Grey flashed her a wild grin. If life was kinder and if he had any chance at a future—which he knew he did not—he would want a girl like this as his daughter.
The other three undead rushed forward, but Grey pivoted in the mud and killed them with three fast shots from the Lazarus gun. They exploded in blue fire and red blood.
“Get him to safety,” Grey said, pointing to the girl’s wounded twin.
But she shook her head and foraged among the dead for a new gun. “Safety?” she barked, then followed it with a mad laugh. “Where’s that?”
“Grey!”
He turned at the sound of his name and saw Jenny there. Right there.
She was streaked with mud, blood, and rainwater, her hair was in rattails and her dress was torn, but she was more beautiful in that moment than ever before. She had her Lazarus pistol in one hand and a big Remington army pistol. The barrel of the Lazarus gun was pointed down, but the big, black mouth of the Remington was pointed at his heart.
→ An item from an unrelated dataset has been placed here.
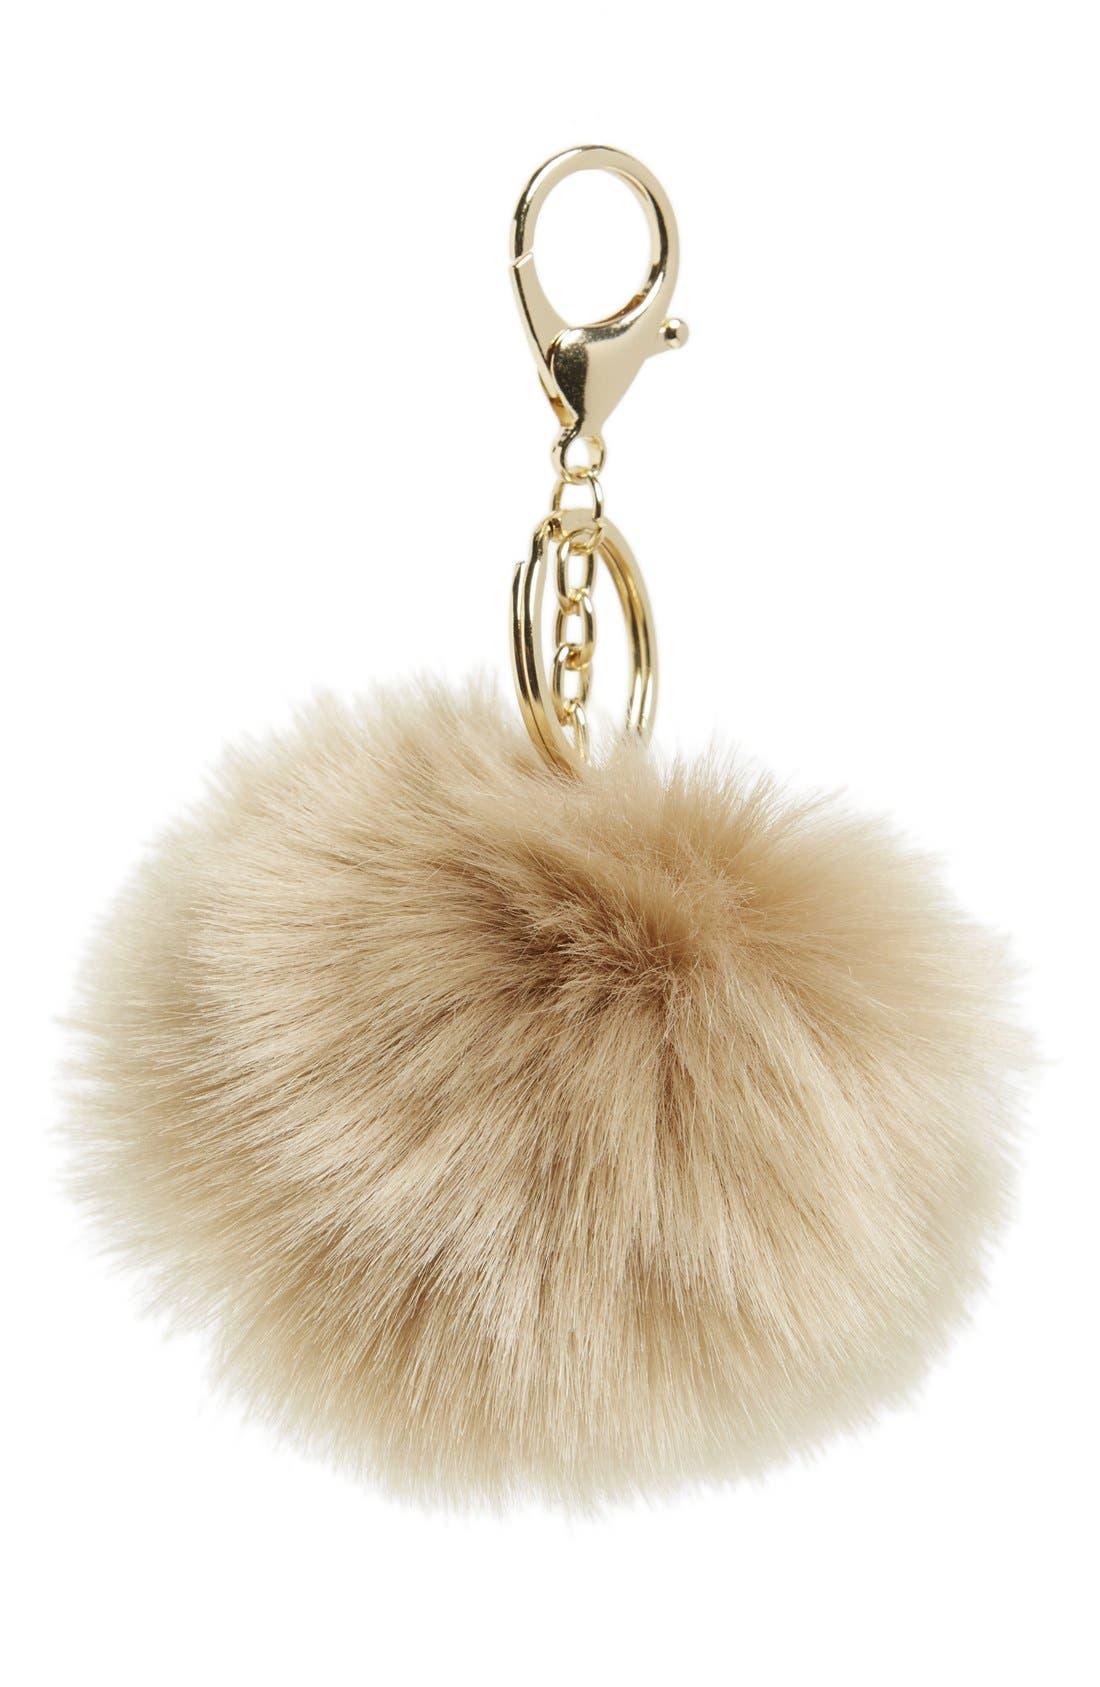 Main Image - Shinhwa Faux Fur Pom Keychain

“You killed him,” she said.
“Jenny—?”
“You killed my pa.”
“I … I tried to save him,” said Grey. “I begged him to stand down. I wanted him to tear the rock from his chest so that he didn’t have to die.”
There were tears in her eyes. “You shot him in the chest.”
“I—.”
“Not the head,” said Jenny. “You didn’t shoot him in the head.”
“Jenny, please…”
“You killed him,” she repeated. Then she said, “You saved him.”
Grey held his breath, frozen into the moment.
“You saved his soul,” said Jenny in a voice that was strange and distant.